Remote-sensing bootcamp fosters international collaboration
A two-week bootcamp led by Space Science and Engineering Center (SSEC) scientists in Almaty, Kazakhstan, last autumn promises to spark new collaborations with some of the nation’s top atmospheric and meteorological researchers.
Andi Walther and Denis Botambekov, research associates with the NOAA Algorithm Working Group for cloud remote sensing at the Cooperative Institute for Meteorological Satellite Studies (CIMSS), were invited by Botambekov’s alma mater, al-Farabi Kazakhstan National University, to lead the bootcamp. They instructed a group of about 15 master’s students, all of whom are studying in fields related to remote sensing and meteorology.
The bootcamp was part of a special program that the university organizes each year, inviting professors and researchers from overseas to share their expertise and teaching methods, this time, on the fundamentals of satellite remote sensing
“The goal is to promote international cooperation,” Walther said, adding that the exchange of expertise was two-sided. “While we were there, we talked to different professors about what they are doing, scientifically, to benefit from their experience.”
For the final two weeks in November 2014, the pair co-taught labs, seminars, and lectures for four hours each day. Some of the activities mirrored coursework that would be taught at UW-Madison, as CIMSS Director Steve Ackerman, a professor in the Department of Atmospheric and Oceanic Sciences, and other SSEC scientists supplied data bundles and materials.
For example, in one lab exercise, students installed SSEC’s Man-computer Interactive Data Access System (McIDAS) and were given hands-on tasks to complete similar to those in one of Ackerman’s 400-level satellite meteorology courses.
These were geared toward teaching students how to:
- create different RGB images from the imager sensors, which help to detect objects such as clouds, dust, smoke, and fire
- use and interpret microwave sensor data
- use and analyze infrared sounder multi-spectral displays
- understand the relationships between atmospheric absorption, scattering, cloudiness, and weighting functions
- compare data from multiple sensors (AMSR-E, MODIS, and CloudSat radar) to understand their advantages and disadvantages
Botambekov, who had participated in a similar bootcamp held at CIMSS last year, said this experience was designed to be more work-intensive. And, although most students knew some English, language differences presented an additional obstacle.
“It was a little tough,” Botambekov said, explaining that he acted as an interpreter for the class from time to time. “A lot of scientific words carry over, but sometimes it’s not a direct translation. We had to use some kind of combination to explain the concepts.”

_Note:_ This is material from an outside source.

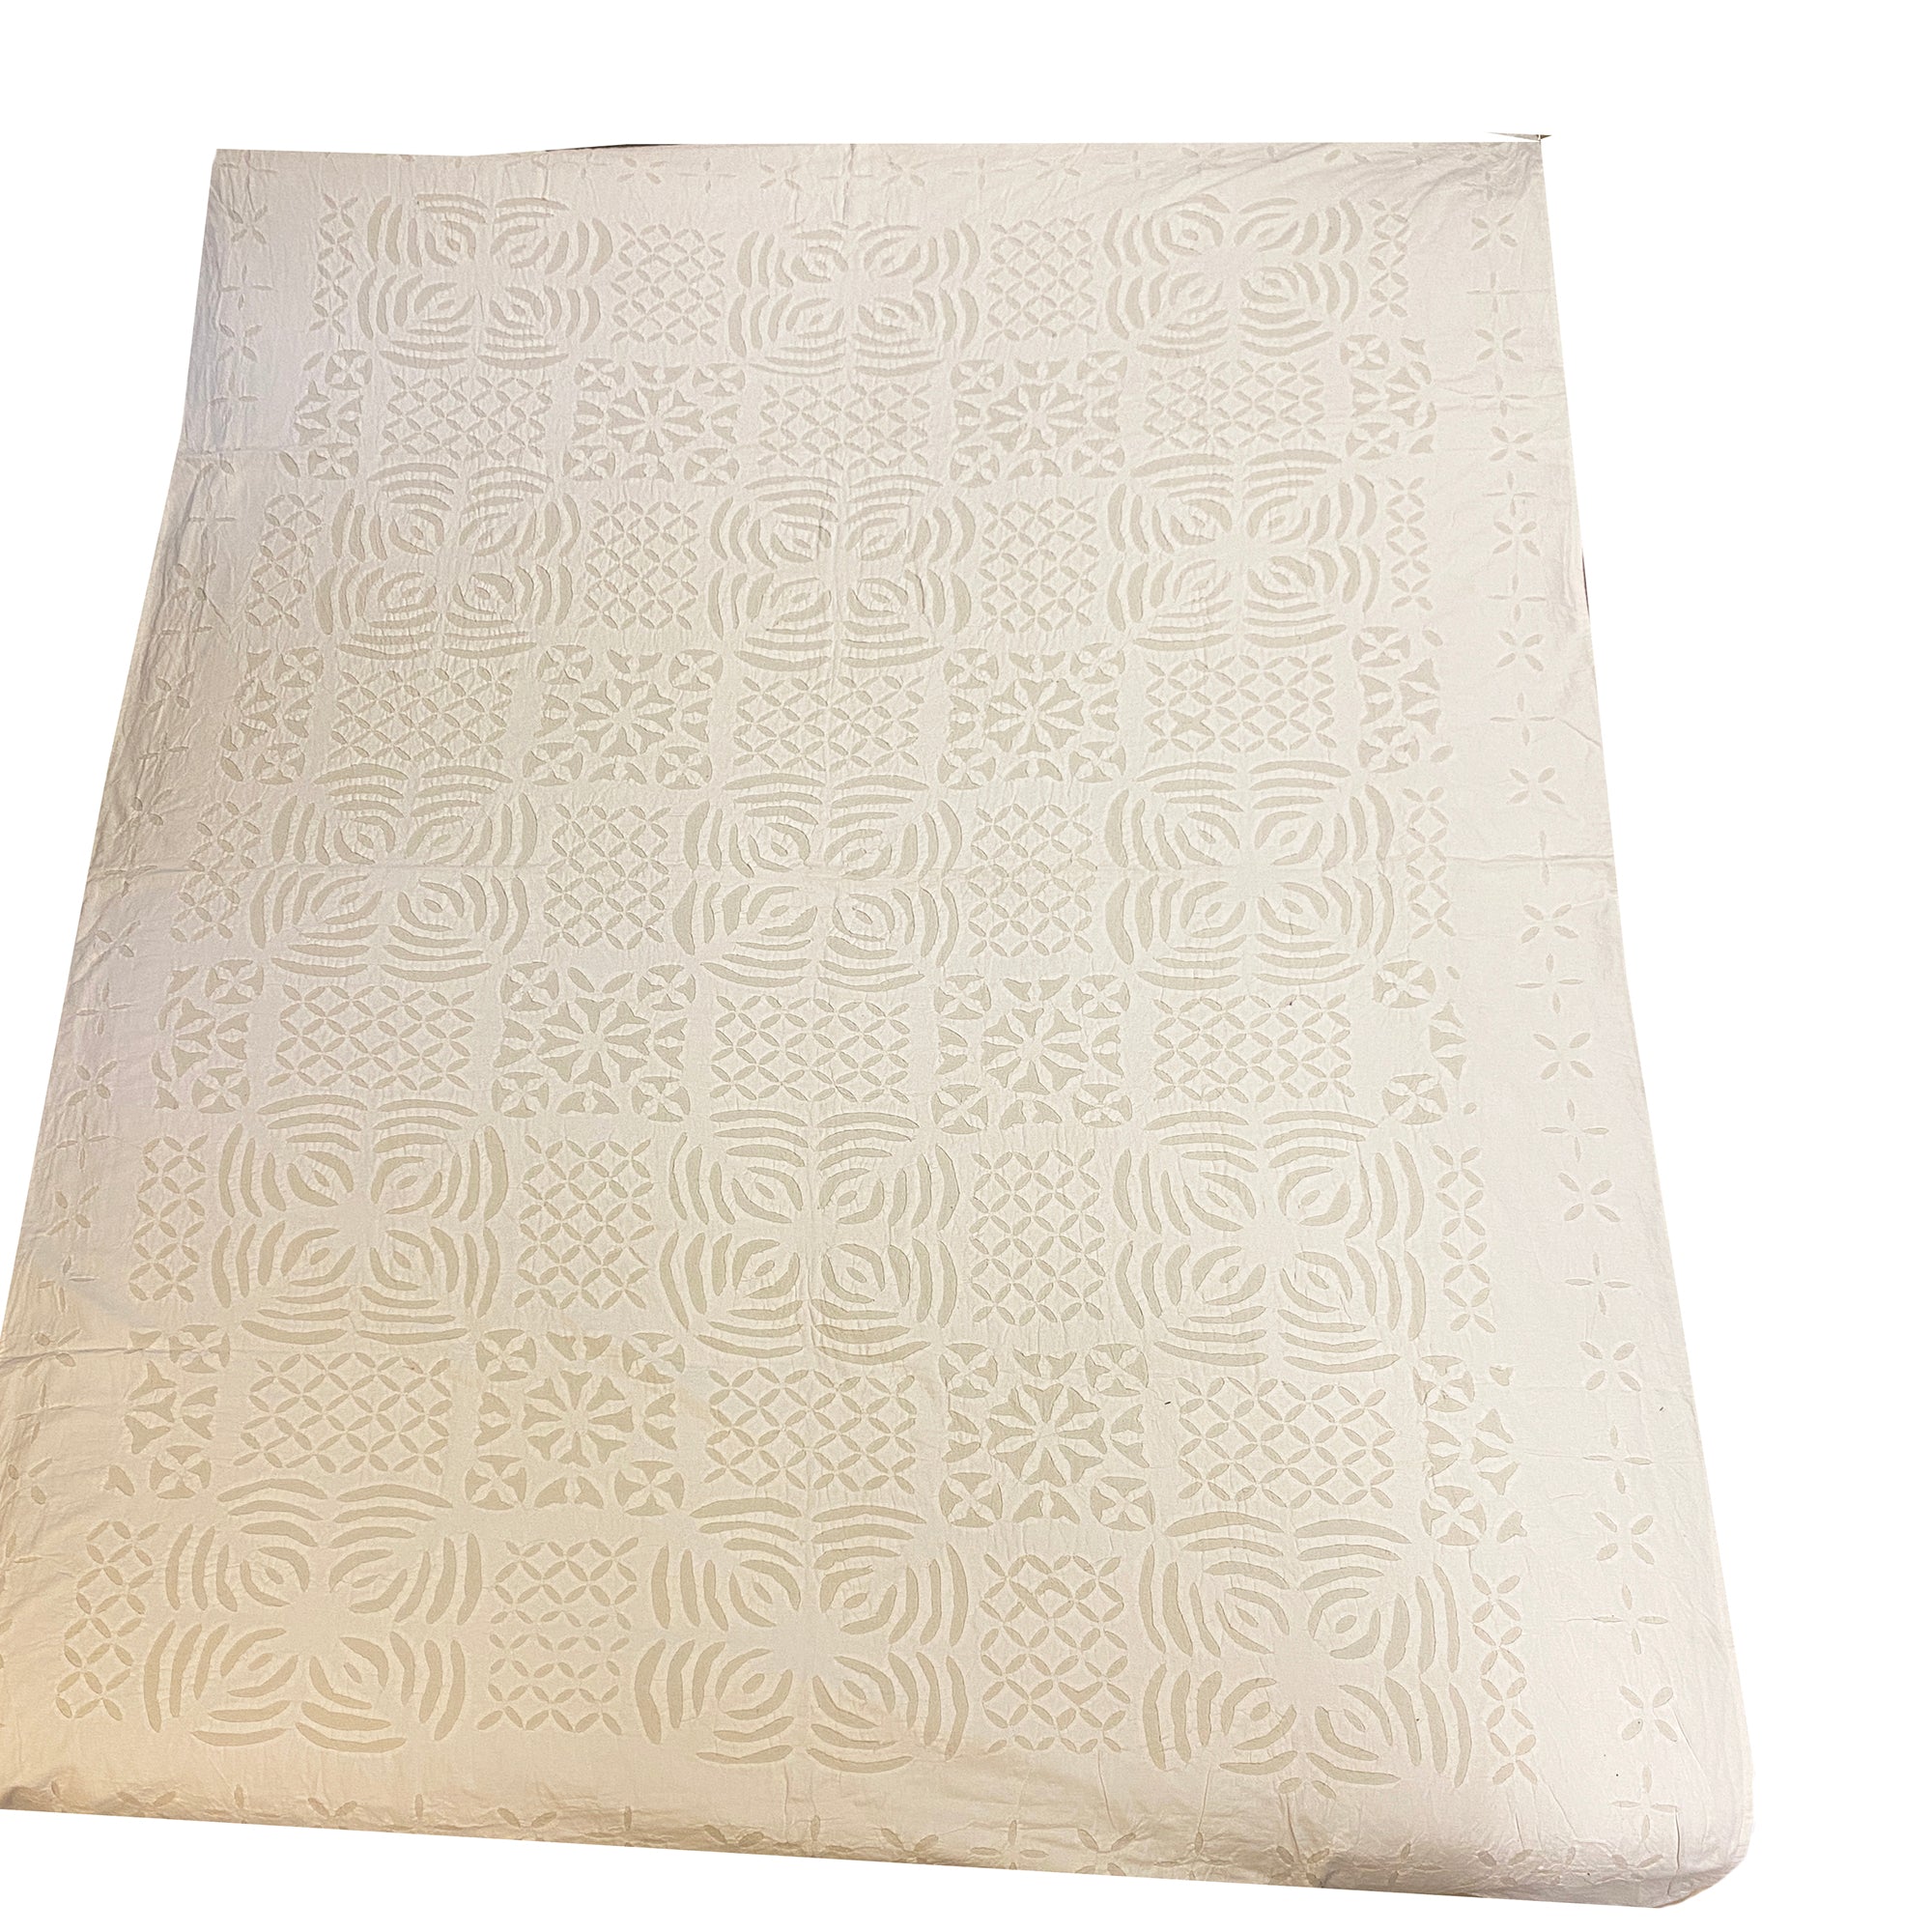 JM White Cut Out Bed Cover - Vintage India NYC

The group included first-year and second-year graduate students from the university’s departments of Meteorology and Hydrology. Walther said they took an individualized approach, tailoring the content to each student’s background and knowledge base.
“We didn’t know how advanced the students would be,” he said. “We had to be a little bit flexible, and see what they can do.”
In addition to classroom time, the two scientists gave a presentation on SSEC, CIMSS, and the Community Satellite Processing Package (CSPP), addressing an audience of students, professors, and Kazakhstan Space Research Institute scientists, as well as representatives from Kazakhstan’s national weather service, KazHydroMet.
For some, it was their first exposure to free, open-source data-processing software.
“One of our goals was to spread the word about what is available with CSPP,” Botambekov said. “Many people were surprised, and very excited, to learn that so many data are available for free.”
Svetlana Polyakova, a researcher at al-Farabi Kazakhstan National University who initiated SSEC’s involvement in the bootcamp, recently won a national teaching award that will grant funding for her to travel outside the country as a visiting scholar. Ackerman wrote her a letter of invitation that, if approved, will allow her to study temporarily at SSEC.
“We hope this will allow us to exchange information, and for her to learn, in person, what we do here at SSEC,” Botambekov said.
Botambekov and Walther hope to continue the knowledge exchange with university students and faculty in Kazakhstan through upcoming programs.